One week after patient 1 admission, a 50 year old male (patient 2) presented to ED with 2 weeks of unexplained fever, chills, headache and occasional vomiting. Blood cultures were drawn prior to admission. Malaria screening was also performed due to his recent travel history of South Eastern Africa. Patient 3, a 36 year old female also presented with similar symptoms 2 days after patient 2 was admitted. However, Patient 3 had a recent travel to Eastern Africa. Her blood cultures were also drawn. In both patients, HIV Ag/Ab screening, malaria, Babesia, Erhlichia PCR, and Quantiferon were negative. Liver panels were also performed on both patient 2 and 3. Both ALT and AST were elevated, which is a common theme in all three patients. Both patients 2 and 3 drank unpasteurized camel milk during their trips. Similar to patient 1, the blood cultures of patient 2 and 3 became positive three days after incubation. Since the growth pattern and Gram stain characteristics of blood bottle subcultures was similar to that of patient 1, the isolates were sent to the DOH as soon as a haze of growth appeared on the media. Both isolates were identified as Brucella melitensis.


Brucella spp. are facultative, small gram negative coccobacilli and tend to appear as clusters on the Gram stain. Brucella melitensis is the most common cause of human infection followed by B. suis and B. abortus although the latter two can be more prevalent in certain geographical regions. B. canis infection in human is rare. Brucellosis is a zoonotic disease. Most industrialized countries, with effective public health measures, have managed to control the infection. According to 2019 report by CDC, 165 cases of Brucellosis were reported in the United States. Brucella infections in certain parts of the world are particularly associated with drinking raw unpasteurized goat or camel milk.

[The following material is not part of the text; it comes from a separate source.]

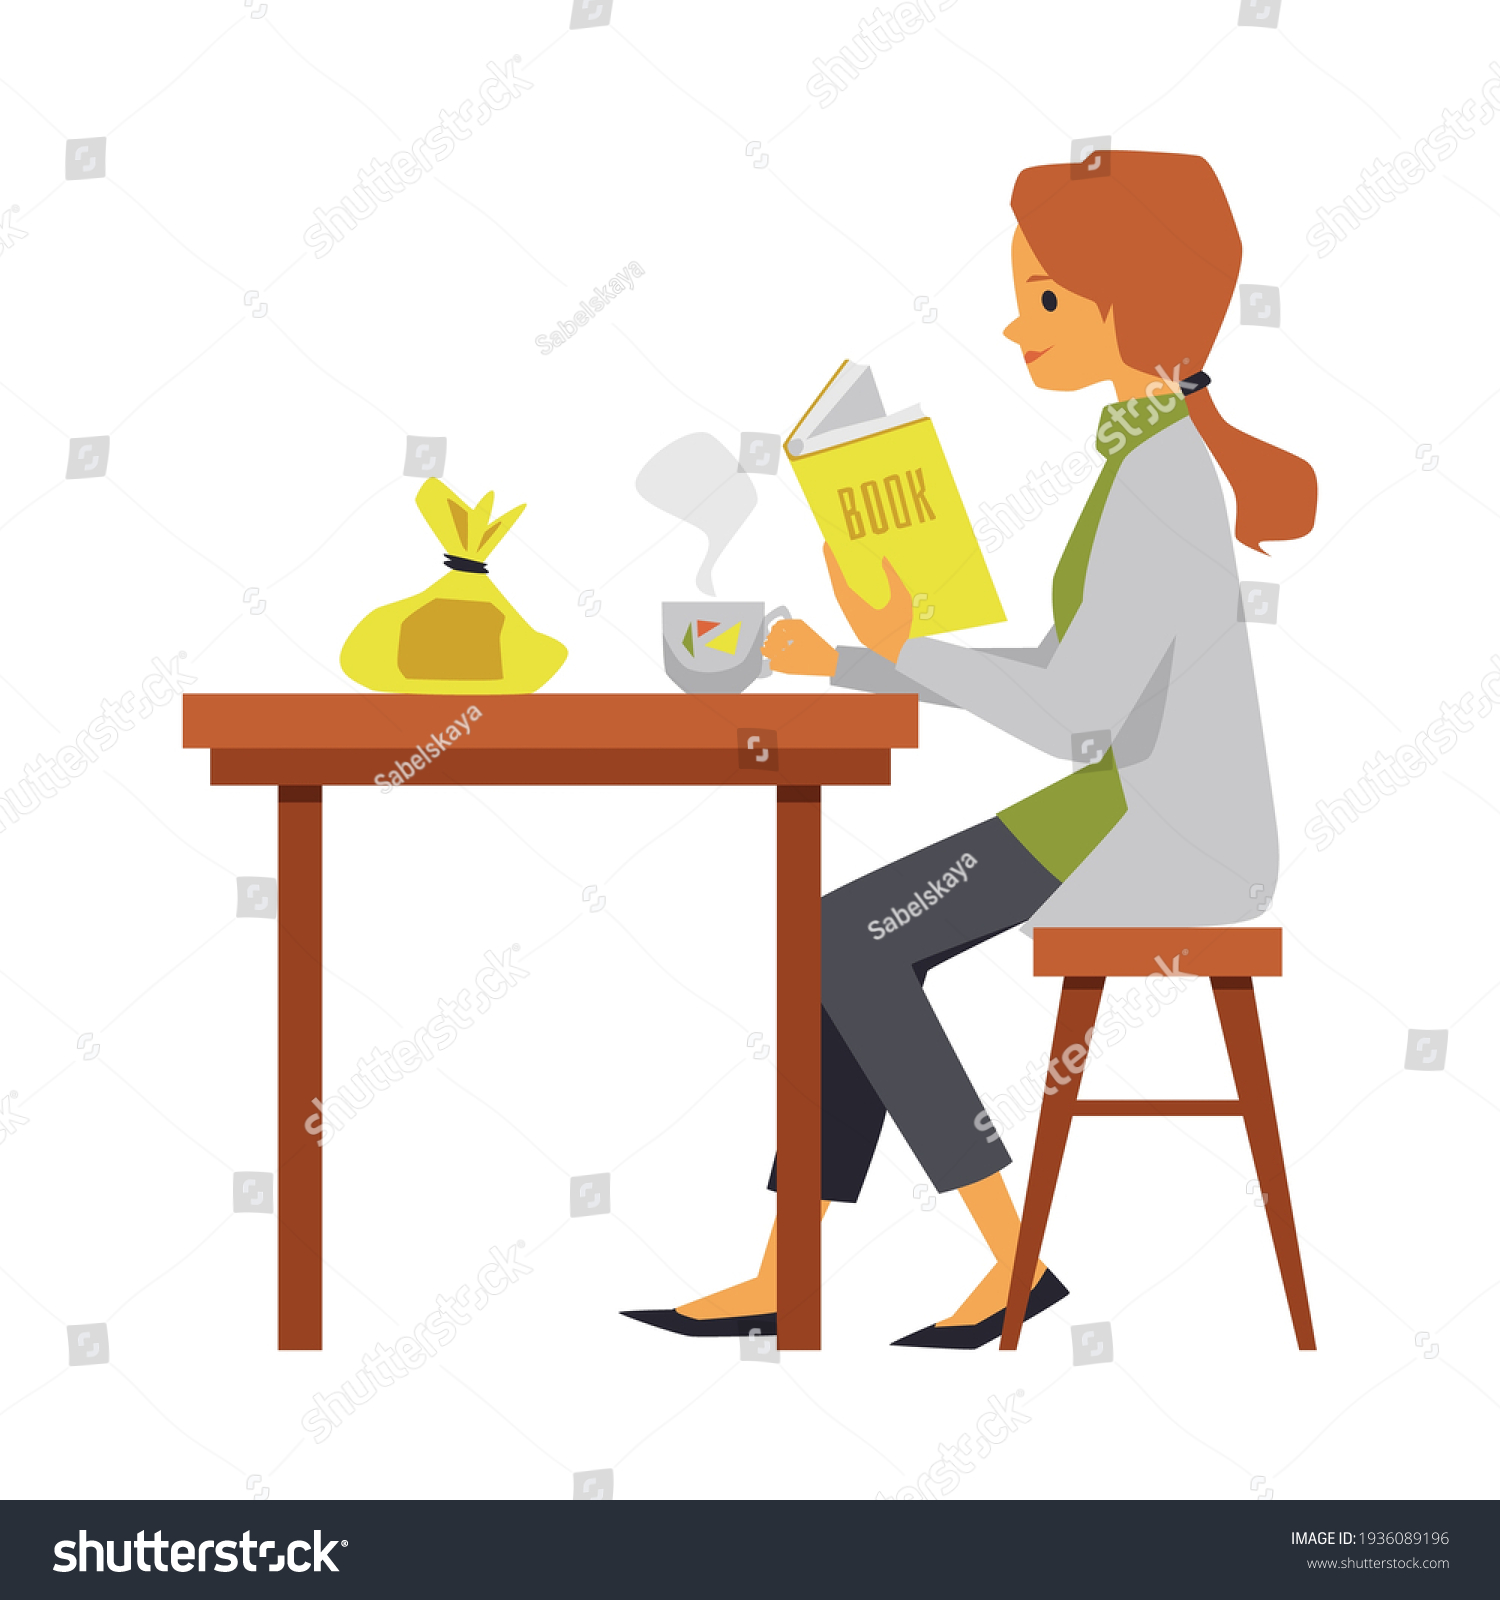 She is sitting at the table. He is sitting at the Table.. A girl sitting at a Table holding a book-1. She is sitting on the Table.

Brucellosis symptoms appear between 1-4 weeks after exposure. Clinical presentations of Brucellosis are often nonspecific and can mimic malaria or typhoid fever in those returning from the endemic areas; therefore, Brucellosis is considered “the disease of mistakes.” One of the organ systems commonly affected in Brucellosis is liver, with the manifestation of acute liver failure and unexplained thrombocytopenia. Approximately 25 to 35 percent of Brucellosis patients have high AST and ALT associated with low platelet levels. A similar profile was observed in our patients presented here.

While person-to-person transmission is rare, Brucella is the most common laboratory acquired infection (LAI). LAI occurs via aerosolization of Brucellae upon manipulation of isolates on open benches. Manipulation includes picking colonies for rapid biochemical tests, MALDI-ToF, or susceptibility testing on an open bench. Notable LAI’s due to Brucella are reported by New York State Department of Health in 2015-2017, when more than 200 cases of laboratory workers were exposed. Because the infectious dose for Brucella is extremely low (5CFU/mL), it is considered a highly pathogenic category B Bioterrorism agent. LAI can be prevented if clinicians notify the clinical laboratory of suspicious Brucella cases when samples are sent for cultures.

Most laboratories today utilize rapid molecular blood culture panels for initial identification of positive blood cultures. Microbiology laboratories should implement a bio-alert “rule out or refer” protocol to minimize exposure when 1) rapid molecular blood culture identification multiplex panels fail to detect any organisms; 2) prolonged incubation time (blood culture bottles and subculture media) in most cases; 3) atypical Gram stain characteristics (small coccobacilli that typically tend to cluster in positive blood cultures and sometimes appear as gram variable); and 4) growth only on blood and chocolate, but not on MacConkey agar.

Identification of Brucella by MALDI-ToF or any commercial methods in sentinel laboratories is highly prohibited. Biochemical tests must be performed in a biosafety cabinet to rule out potential biothreat agents. In most cases, MALDI-ToF systems can misidentify select bioagents. One salient example was a case report by the Yale University Clinical Microbiology Laboratory, where Brucella was misidentified as Ochrobactrum anthropi by Vitek MS.

Because of a diverse range of clinical symptoms, definitive diagnosis of Brucellosis is mainly achieved by laboratory findings by means of serology or isolation of organisms in culture. Serologic diagnosis requires two serum samples – the first sample taken during the acute phase of illness and the latter should be taken 2-4 weeks. A rise in antibodies of four fold or higher is considered positive Brucellosis. The Laboratory Reference Network and Center for Disease Control (CDC) can perform Brucella microagglutination test (BMAT) for B. melitensis, B. suis, and B. abortus. American Society of Microbiology (ASM), Association of Public Health Laboratories (APHL), and Laboratory Response Network (LRN) have diagnostic protocols and guidelines for ruling out or refer potential Brucella from culture isolation.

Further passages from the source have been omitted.